(MATERIAL TO PROCESS Opens)
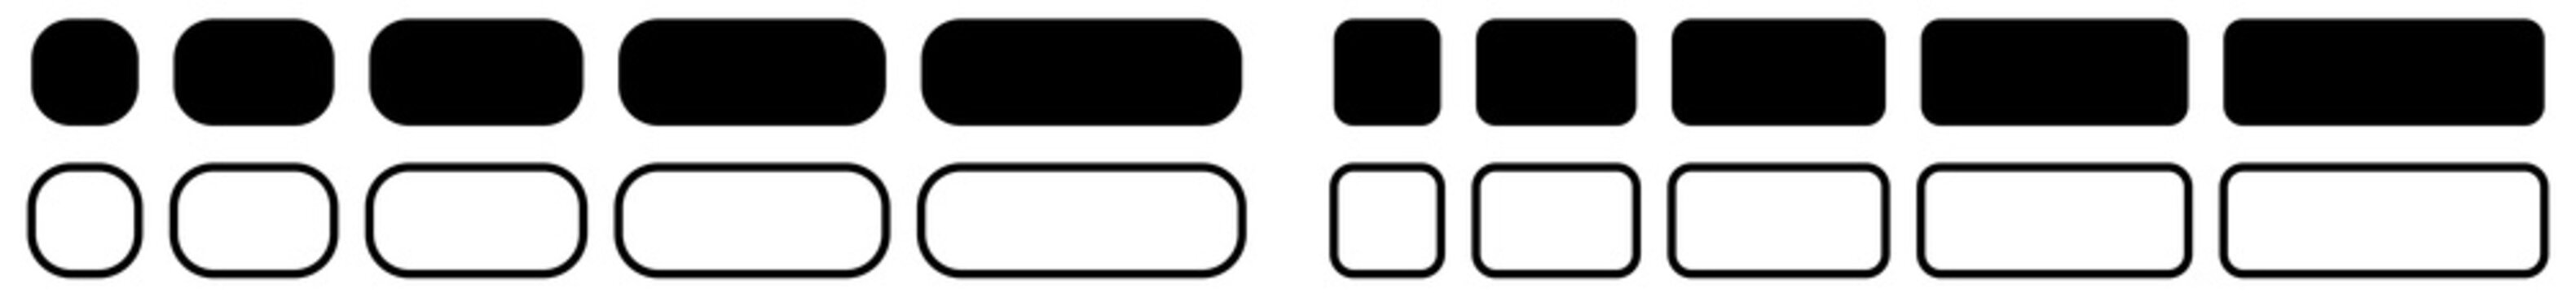 Simple rounded corners rectangles icons set - can be used as buttons
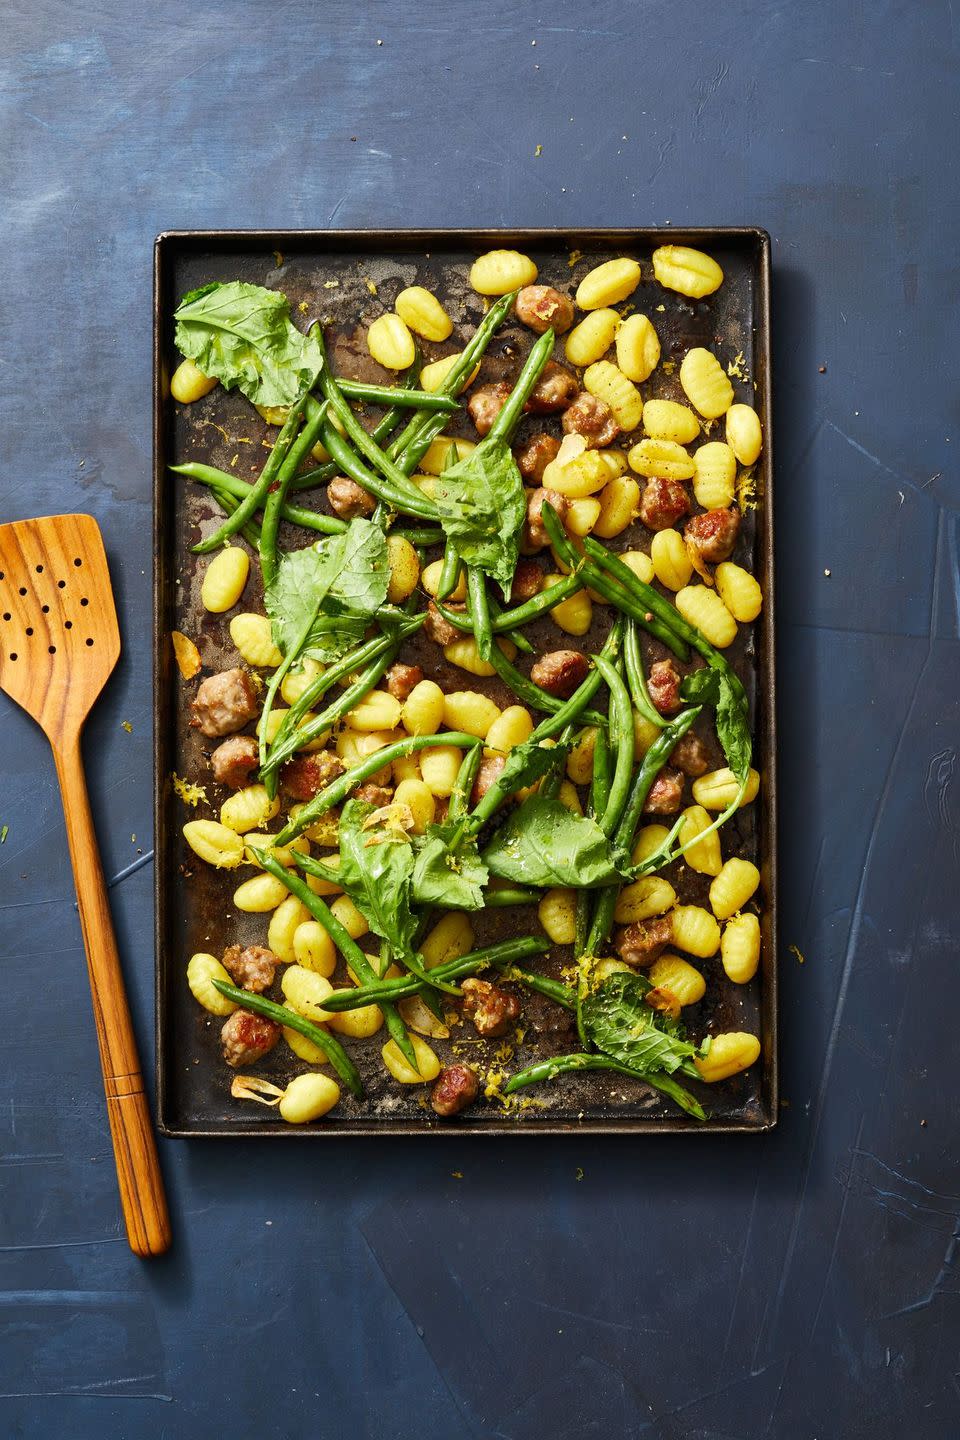 Sheet Pan Gnocchi with Sausage and Green Beans
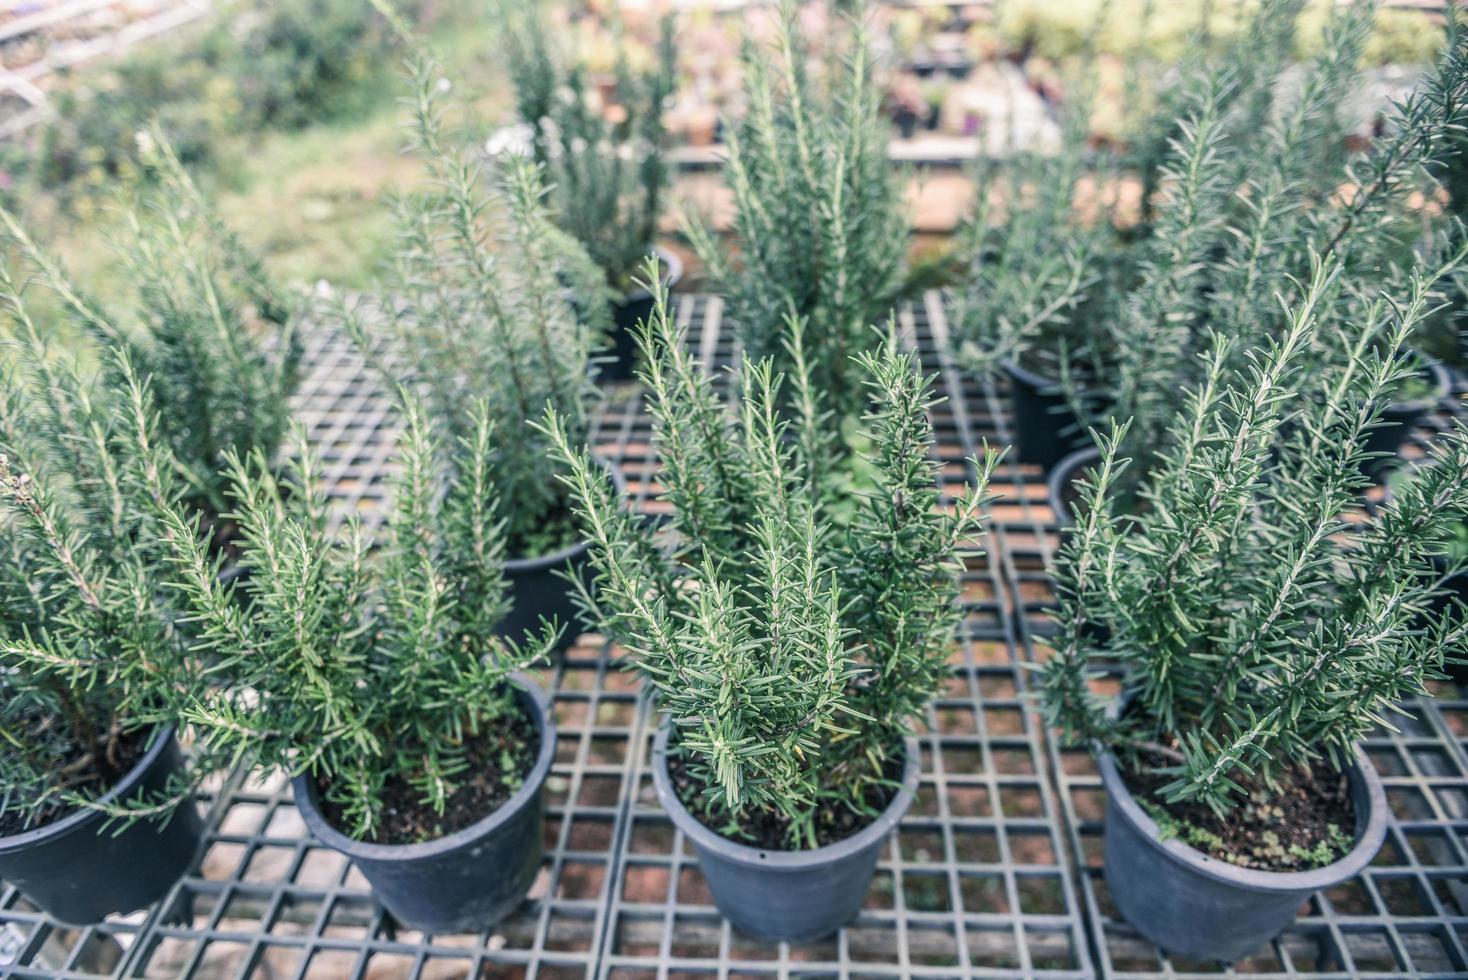 Rosemary plant growing in the garden for extracts essential oil - Fresh rosemary nature herbs in the nursery greenhouse background photo
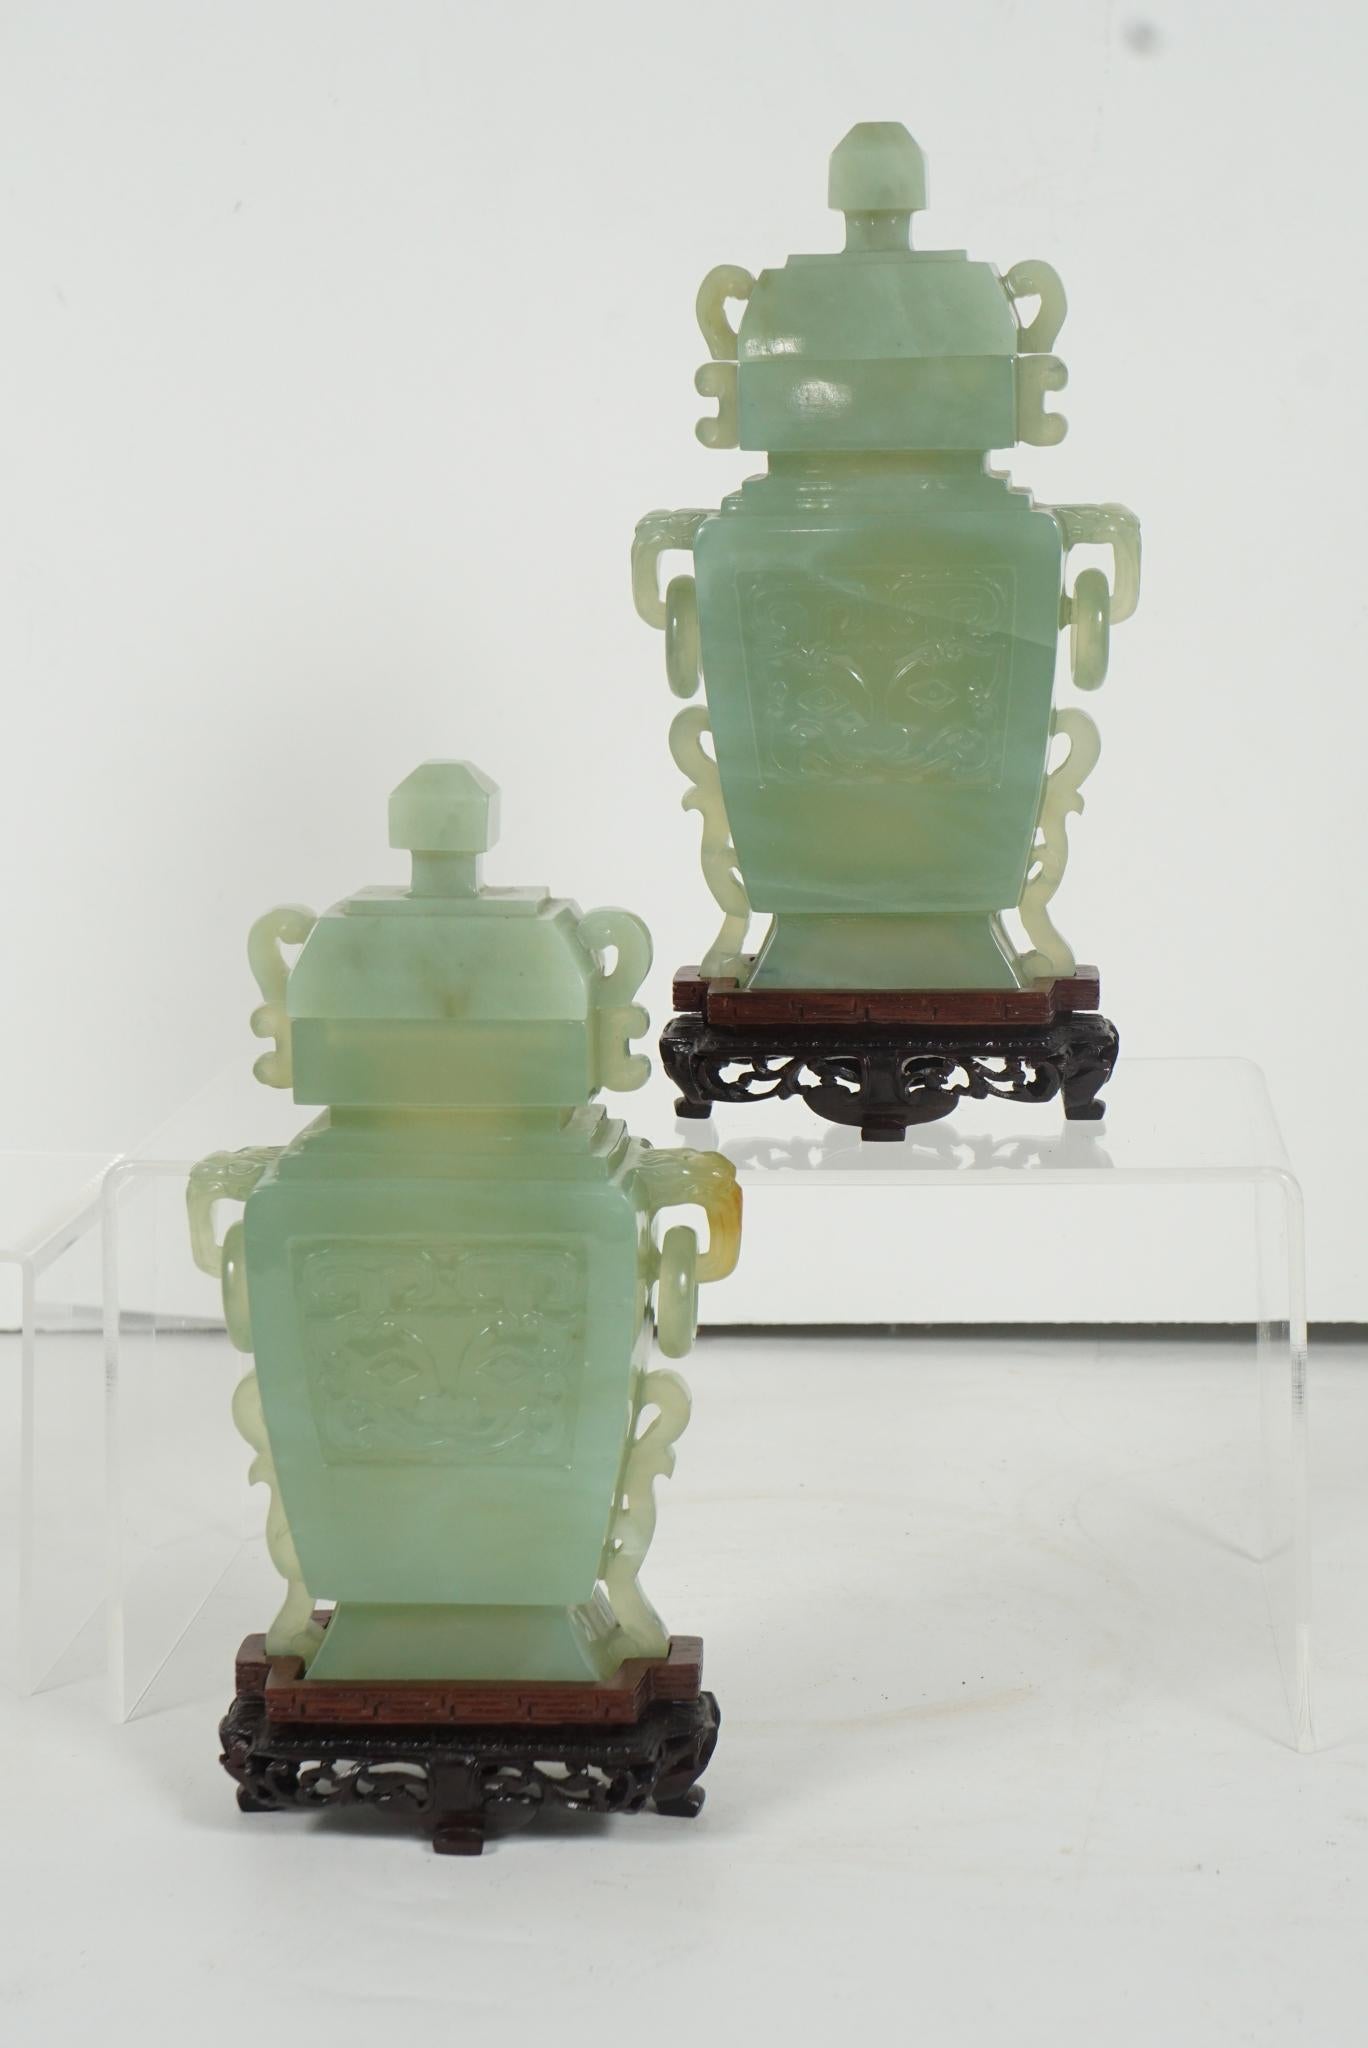 This nice pair of carved lidded urns are made form Bowenite which is considered a semiprecious stone and thought to resemble jade. They were carved in the mid 20th century and come with accompanying rosewood stands of fine Chinese design. They are
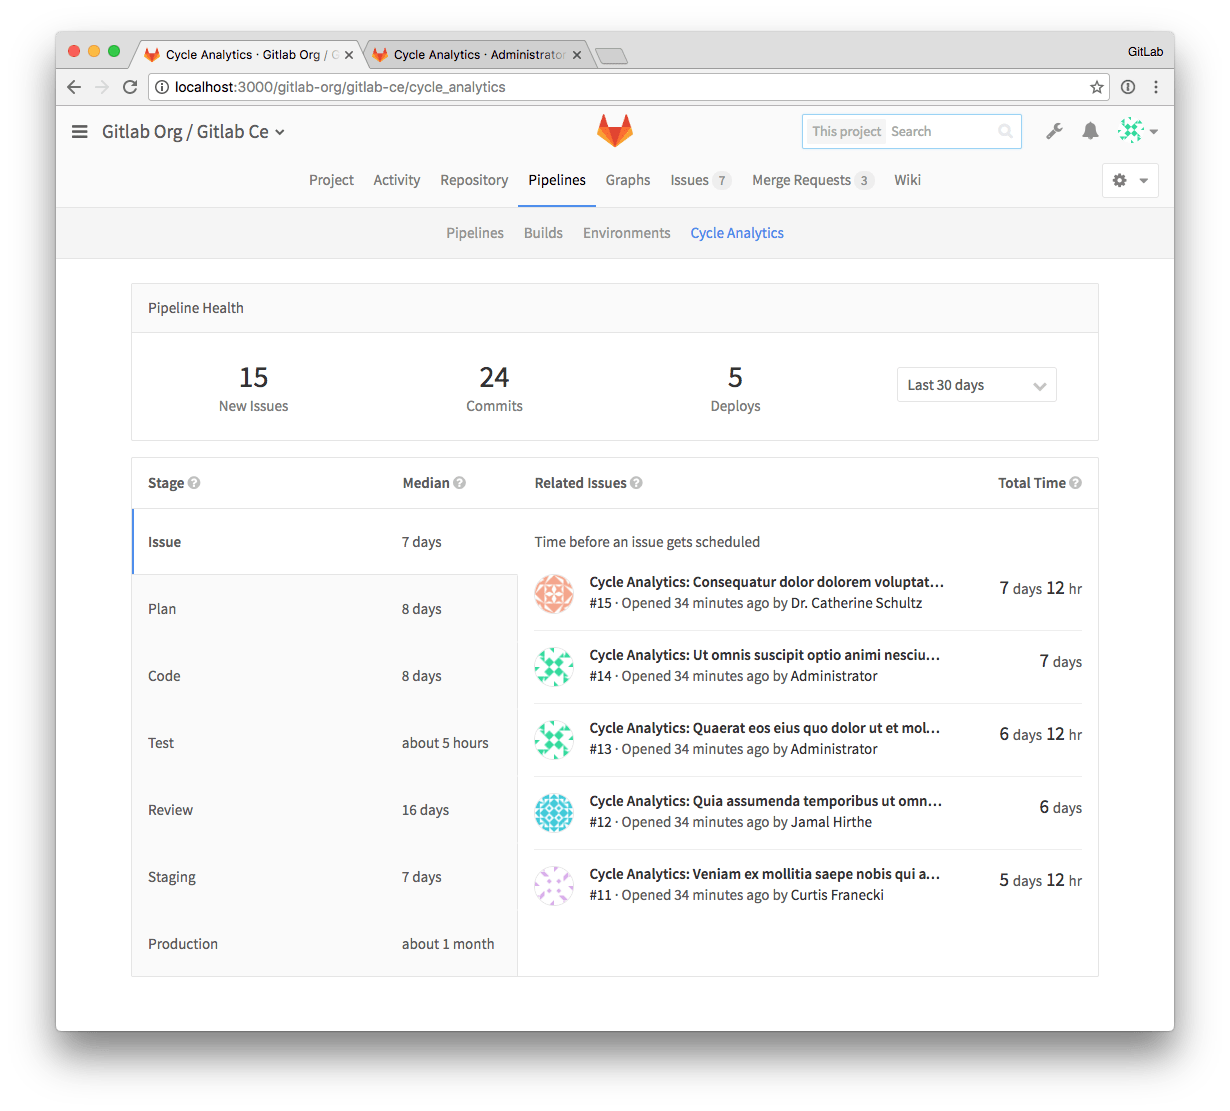 Improved Cycle Analytics in GitLab 8.14
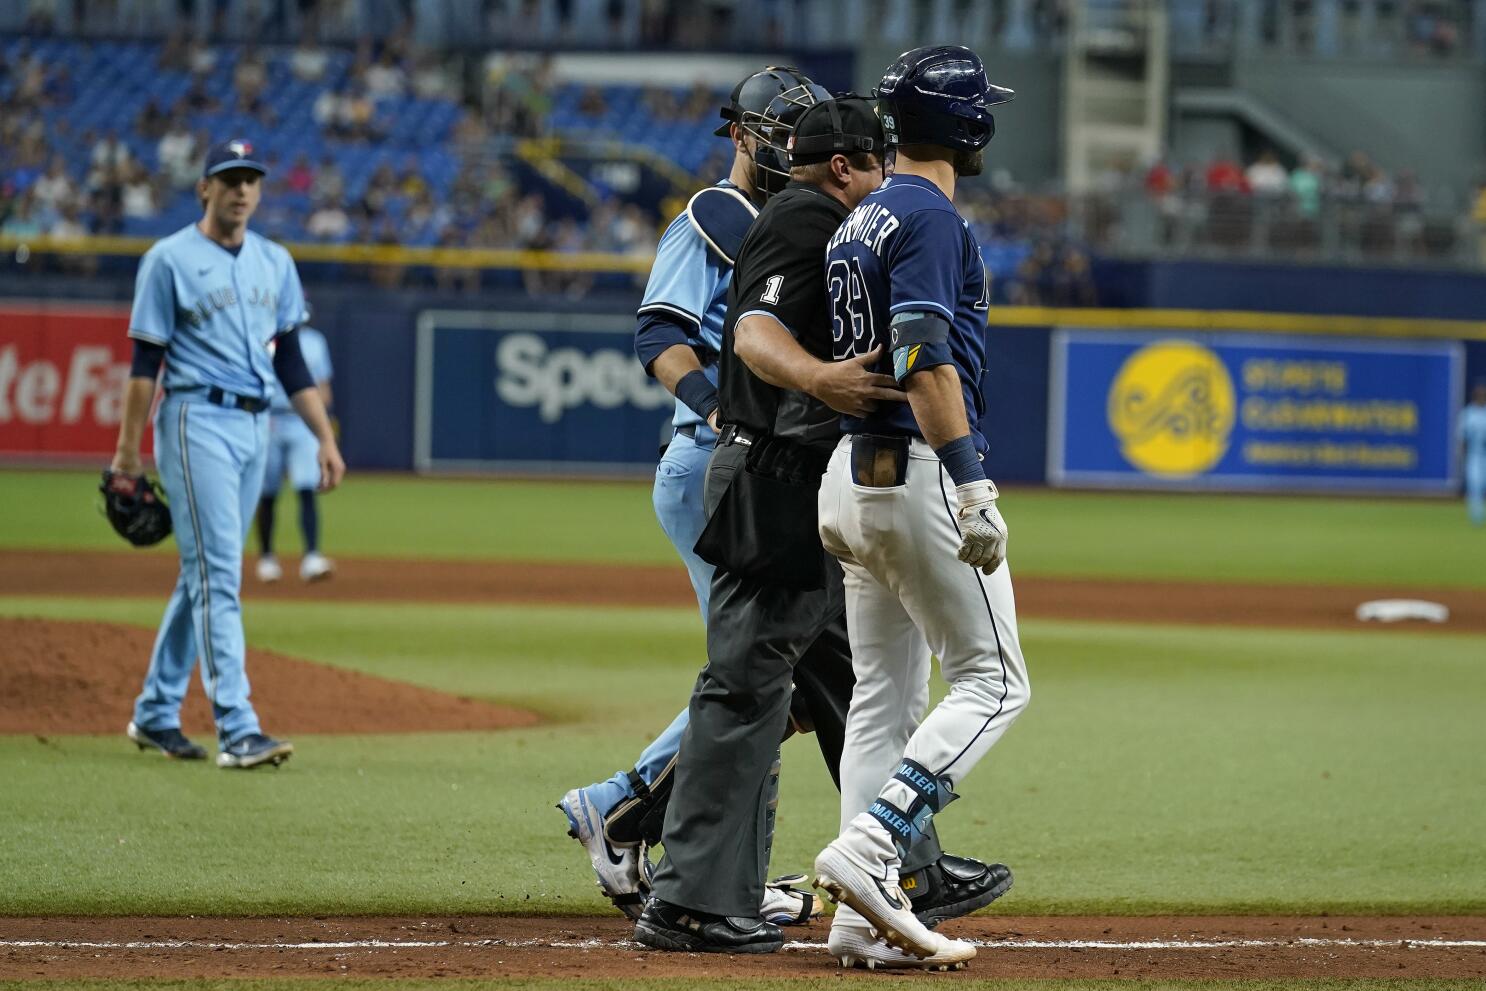 Home-grown roster: the all-time, all-area Tampa Bay Rays lineup
(MATERIAL TO PROCESS Closes)
Each record above is to be copied out exactly; its pictures are not.

 Simple rounded corners rectangles icons set - can be used as buttons
 Sheet Pan Gnocchi with Sausage and Green Beans
 Rosemary plant growing in the garden for extracts essential oil - Fresh rosemary nature herbs in the nursery greenhouse background photo
 This nice pair of carved lidded urns are made form Bowenite which is considered a semiprecious stone and thought to resemble jade. They were carved in the mid 20th century and come with accompanying rosewood stands of fine Chinese design. They are
 Improved Cycle Analytics in GitLab 8.14
 Home-grown roster: the all-time, all-area Tampa Bay Rays lineup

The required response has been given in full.